El edificio tenía dos pisos. Ambrose aparcó
justo enfrente del porche, y los dos fuimos a llamar a la puerta. Por la
ventana, vimos una lucecita encendida en el salón. Ambrose pulsó el timbre.
-Supongamos que no está -dije.
-Sí que la encontraremos. Me reveló su plan
al detalle. Había quedado aquí con unas amigas para jugar al bridge; y ésa
sería su coartada. Calculaba que se irían hacia la medianoche, e iba a pedirle
a la mujer que hubiese traído en coche a las demás que la telefoneara para
asegurarse de que habían llegado a casa sin problemas. Eso la pondría a salvo
hasta las doce y media. A esta hora tenía pensado irse a dormir, con el fin de
que la policía la tuviera que sacar de la cama para comunicarle el fallecimiento
de su esposo.
Pasaron unos minutos, y Ambrose tuvo que
volver a tocar el timbre antes de que la puerta se abriera. Una rubia teñida,
de unos treinta y ocho años, se asomó en batín.
-¡Ah, señora Dobbs! -exclamó Ambrose con una
reverencia formal que casi le hizo perder el equilibrio-. Éste es mi socio, Sam
Willard.
Ella ni me miró.
-¡Pero en nombre del cielo…! ¿Qué está usted
haciendo aquí?
-He venido para comunicarle que la misión ha
sido cumplida. Tenemos la prueba en el coche.
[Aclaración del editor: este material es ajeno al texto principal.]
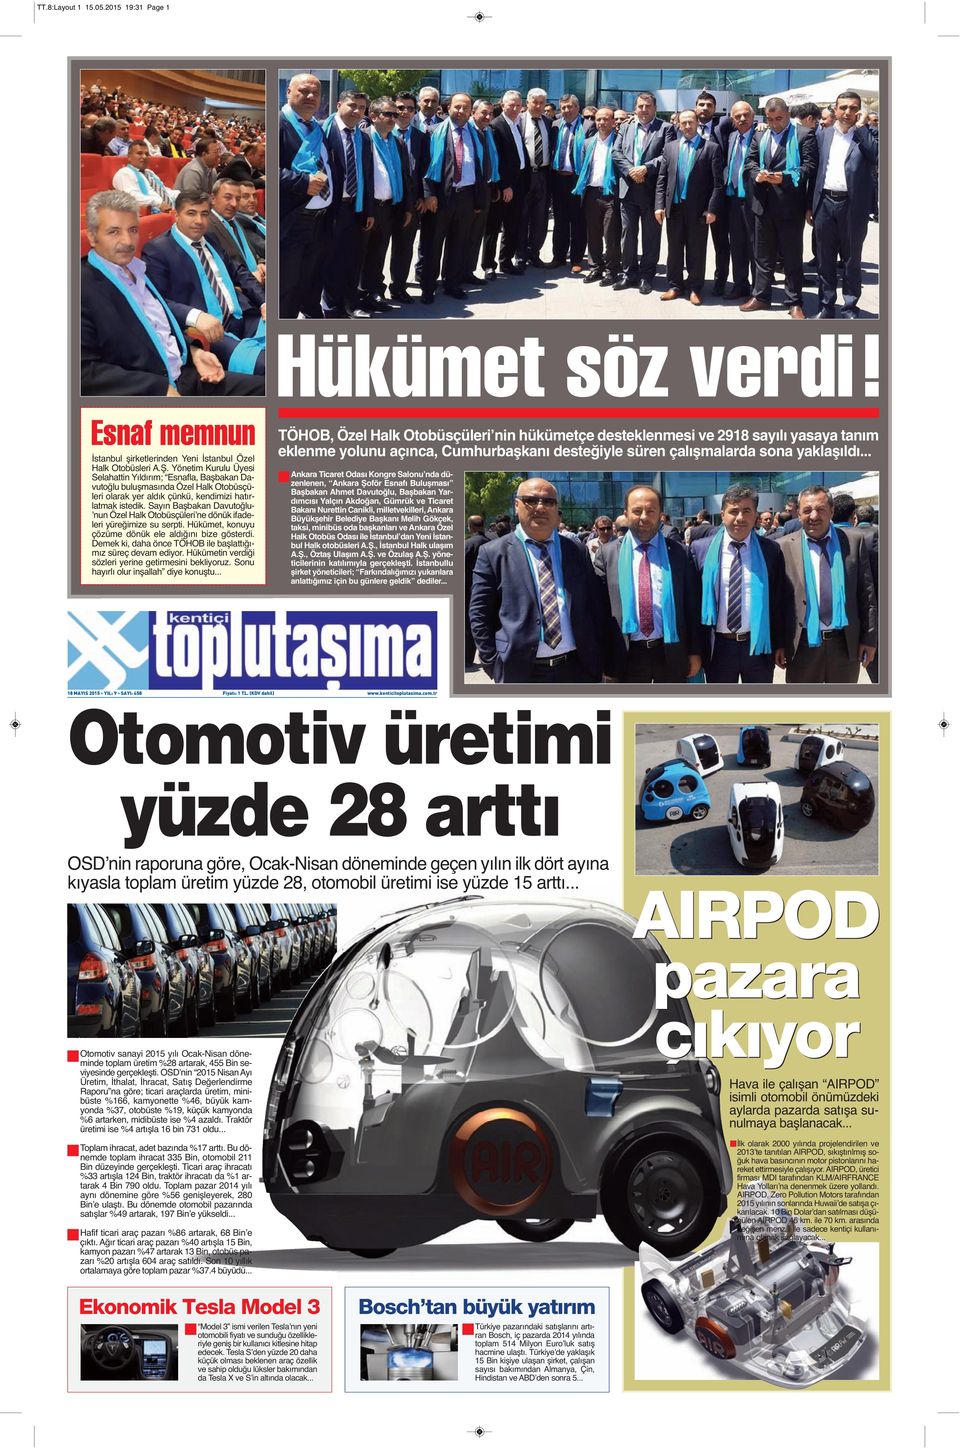 Sayın Başbakan Davutoğlu- ʼnun Özel Halk Otobüsçüleriʼne dönük ifadeleri yüreğimize su serpti. Hükümet, konuyu çözüme dönük ele aldığını bize gösterdi.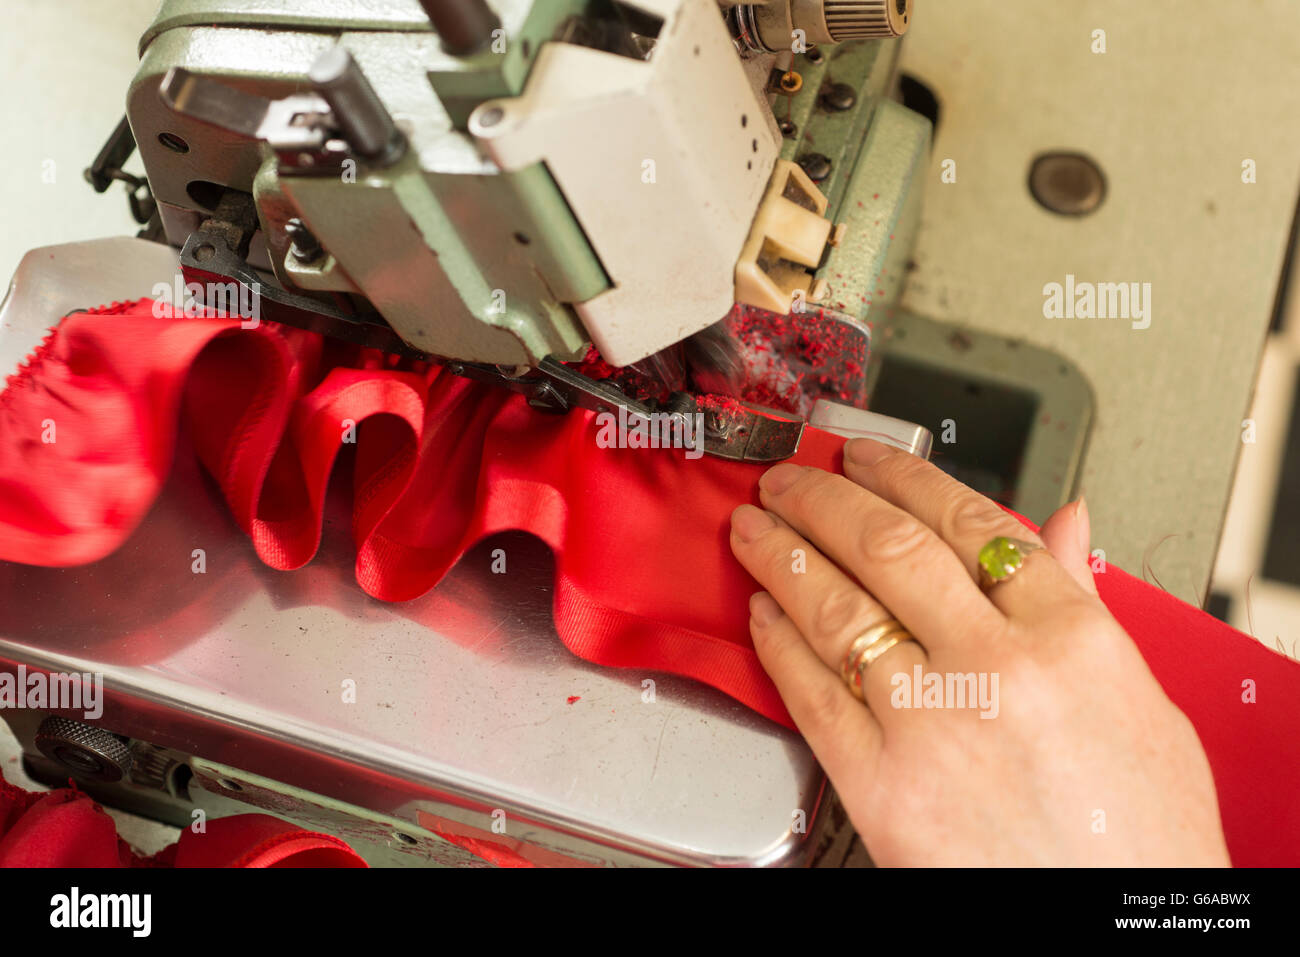 La main d'un tailleur soutenant un morceau de tissu froissé d'être dans une machine à coudre Banque D'Images

Salió del porche y nos miró: primero a
Ambrose, y luego a mí.
-¡Pero eso es imposible!
-Eche una mirada en el asiento de atrás del
coche -le pidió Ambrose, estirando el brazo en aquella dirección.
-¿De qué está hablando? -preguntó enojada-.
Everett me llamó desde el club. Tuvo que prestar su auto a Hermán, y él se
quedó allí a dormir.
Bajó los tres escalones del porche y miró
dentro del coche. Sus ojos se abrieron como platos.
-¡Hermán! -gritó-. ¿Qué le ocurre?
Nosotros la habíamos seguido. Ambrose
preguntó:
-¿Hermán?
Ella se le echó encima, enfurecida.
-Este es el hermano menor de Everett,
¡imbéciles!, el hombre con el que me quiero casar. ¿Qué habéis hecho con él?
Una cosa sí que tenía Ambrose: ya podía estar
de alcohol hasta las cejas… ¡que nunca perdía su aplomo! Dijo con prontitud:
-Nada, señora. Sólo está borracho perdido.
Haremos lo posible para que llegue a casa sano y salvo. Lamentamos el error.
Como se metió en el coche de su marido, diciendo que se llamaba Dobbs,
supusimos que era él.
-¿Y para qué lo habéis traído aquí? -nos
increpó.
Mi entrenador aún demostró que su lucidez no
tenía fin, pues se le ocurrió lo siguiente:
-Pensamos desnudarle, ponerle su bañador y
ahogarle en la piscina.
-¡Cállese! -chistó-. Hermán no sabe nada de
mis planes. O al menos los desconocía.
-Bah, no puede oírnos -la reconfortó
Ambrose-. Está inconsciente.
Se despidió de ella con otra de sus
reverencias, rodeó el coche y se puso al volante. Yo me senté a su lado.
Ambrose puso la marcha atrás, giró y volvimos por donde habíamos venido. Al
doblar por la primera esquina, paró el motor y apagó las luces del coche.
-¿Y ahora qué, genio? -pregunté.
-Esperaremos hasta que la casa se quede a
oscuras, para estar seguros de que ella se ha metido en la cama.
Al poco rato, todas las luces se apagaron,
menos la lucecita que se dejaba encendida toda la noche en el salón.
-Muy bien -me ordenó Ambrose-. Sácalo.
Salí del coche y cogí como pude el cadáver en
brazos. Ambrose me mostró el camino hasta la piscina. Había unas cuantas
hamacas en el césped. El me indicó que pusiera en una de ellas a Hermán Dobbs.
También había traído consigo la botella de
whisky. Se quedó de pie, contemplando durante un momento la sonrisa helada del
cadáver; luego, le llenó por la mitad el vaso que todavía sujetaba en la mano.
-¡Salud! -exclamó tristemente-. ¡Ahora
larguémonos de aquí, recojamos nuestras cosas y vayámonos para el sur!